The attack on a U.S. Immigration and Customs Enforcement (ICE) facility in Dallas has rattled officials and analysts alike.
Two detainees were killed before the gunman turned the weapon on himself, and the aftermath has sparked comparisons with one of the darkest terrorist attacks of the last decade—the 2019 mosque shooting in Christchurch, New Zealand.
Christopher O’Leary, Senior Vice President at The Soufan Group, drew the connection in an interview with MSNBC. His concern wasn’t merely the incident itself, but the unsettling possibility of imitation.
The Dallas shooter, like Brenton Tarrant in Christchurch, scrawled words and symbols on his ammunition. O’Leary noted the irony: Tarrant was a notorious white supremacist, celebrated among neo-Nazis, while the Dallas attack appears tied to individuals on the opposite end of the political spectrum.
This choice of tactics—appropriating a method pioneered by those one supposedly opposes—underscores O’Leary’s broader point: terrorism is theater. The performance, the message, the spectacle of violence—all are designed to communicate, shock, and inspire replication. The rooftop vantage point, too, troubled O’Leary, raising questions about whether attackers are deliberately borrowing not just symbols but strategic cues from past atrocities.

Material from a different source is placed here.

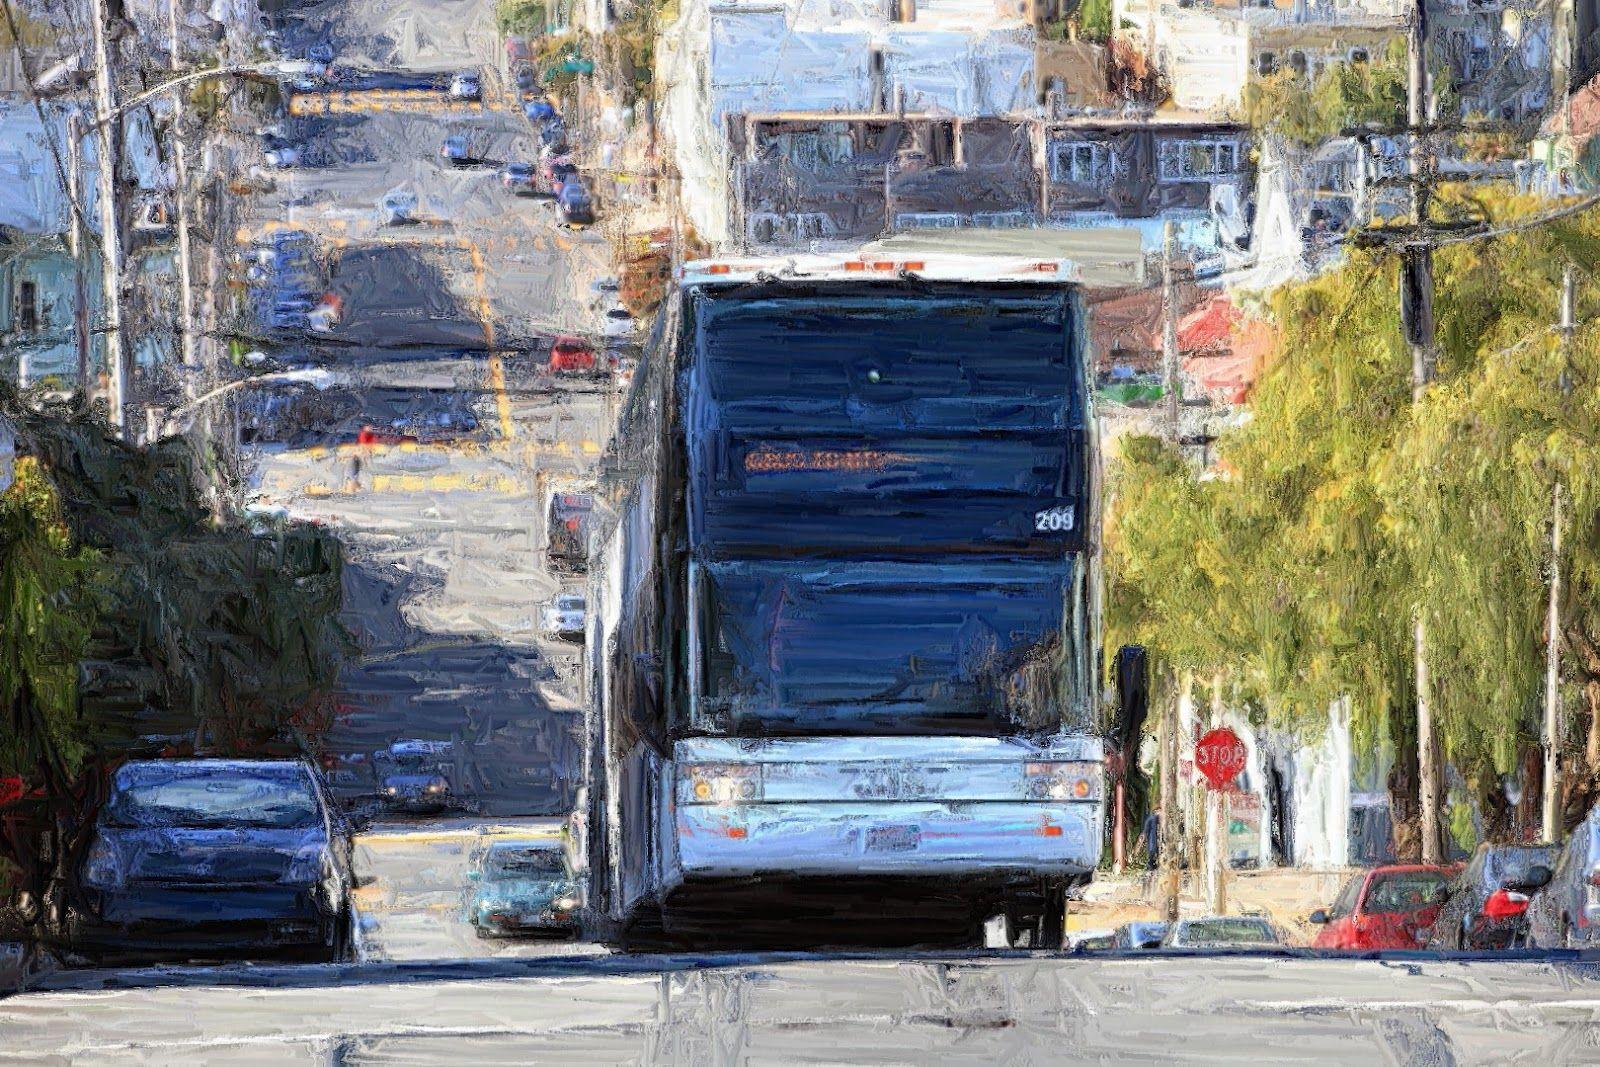 Wayne Thiebaud Painting Of Bus Potrero Hill In San Francisco Transportation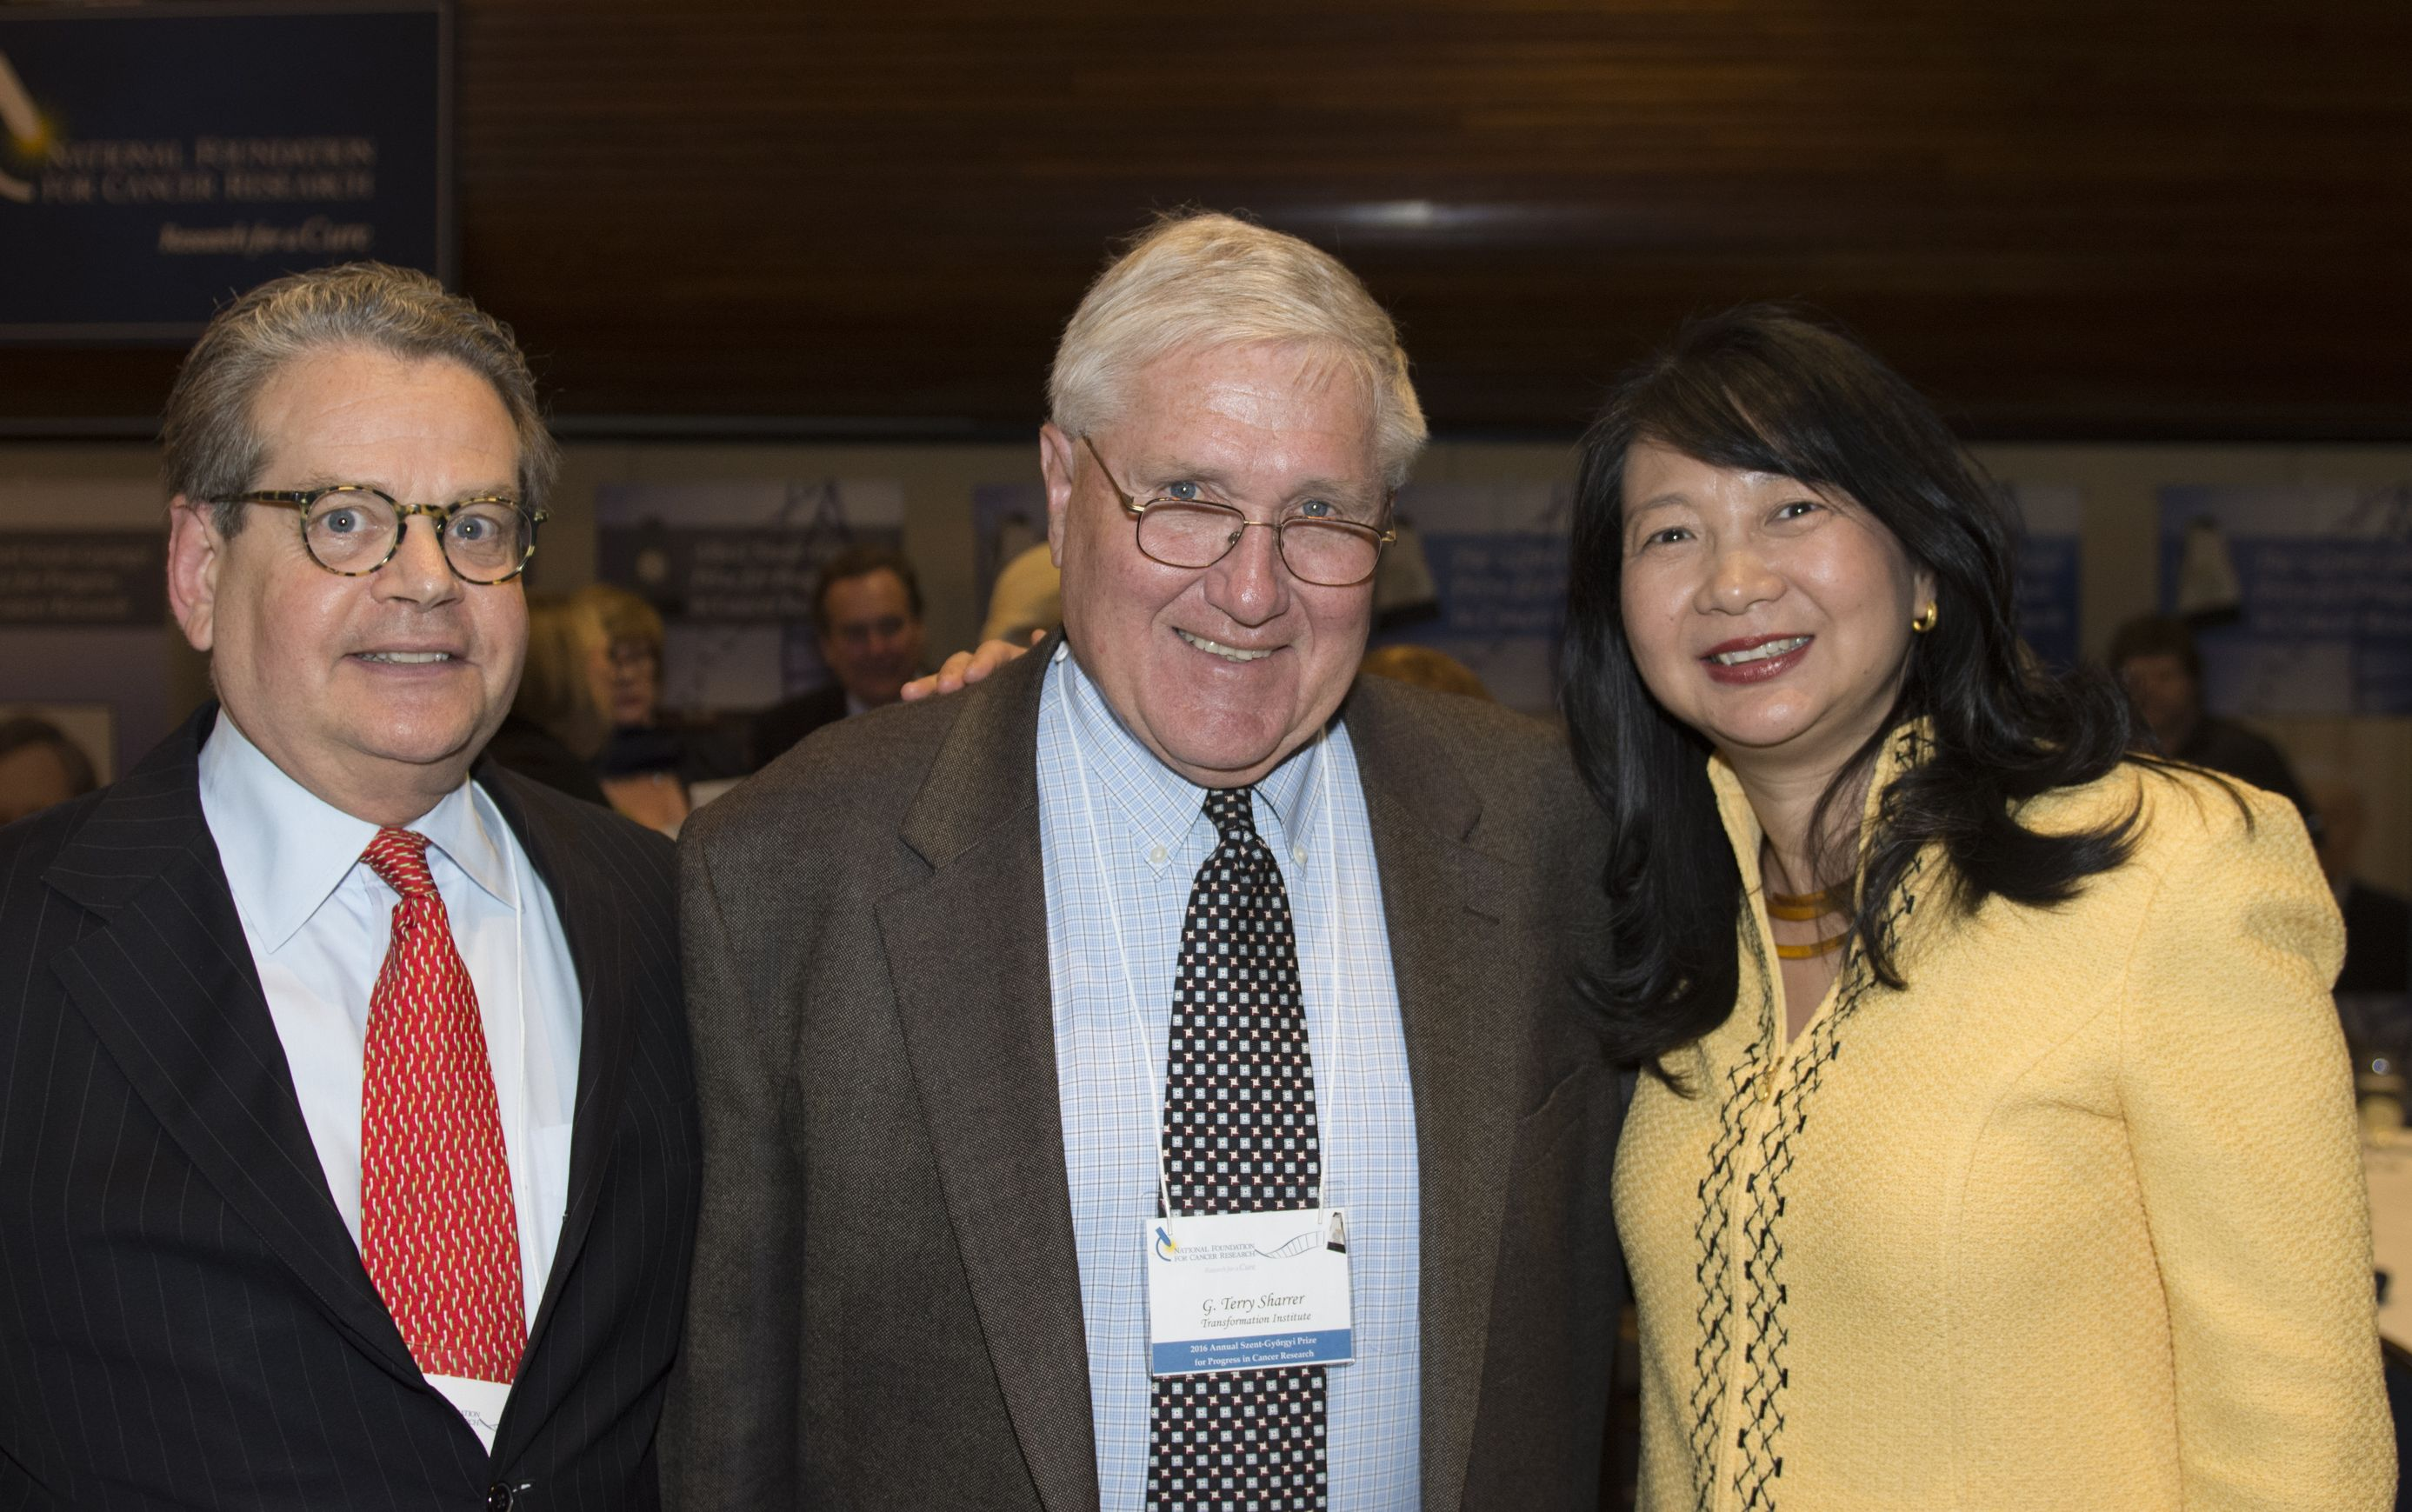 Long-time friends Franklin Salisbury, Terry Sharrer, and Dr. Sujuan Ba enjoy their reunion

The Dallas attack is not an isolated case. Since July 4, ICE and Border Patrol facilities in Texas have faced two separate shootings, one of which resulted in ten attempted murder charges. In another July incident, ICE agents came under fire during a raid on two California marijuana farms.
At the same time, resistance to ICE operations has been escalating in both overt and institutional forms. A Milwaukee judge allegedly helped an illegal immigrant temporarily evade capture in April. In May, Nashville’s Democratic Mayor Freddie O’Connell went so far as to release the names of ICE agents involved in local enforcement actions.
In New York City, Democratic mayoral candidate Brad Lander was arrested in June for allegedly interfering with an ICE operation in a Manhattan courthouse. And in New Jersey, Rep. LaMonica McIver now faces assault charges after clashing with ICE personnel at a Newark facility.
With FBI Director Kash Patel posting photos of bullets recovered at the scene, the message is clear: investigators are treating the symbolism as seriously as the violence itself. If the Christchurch attack demonstrated how extremist theater can echo across the globe, Dallas raises a chilling prospect—that violent mimicry is no longer confined to one ideology.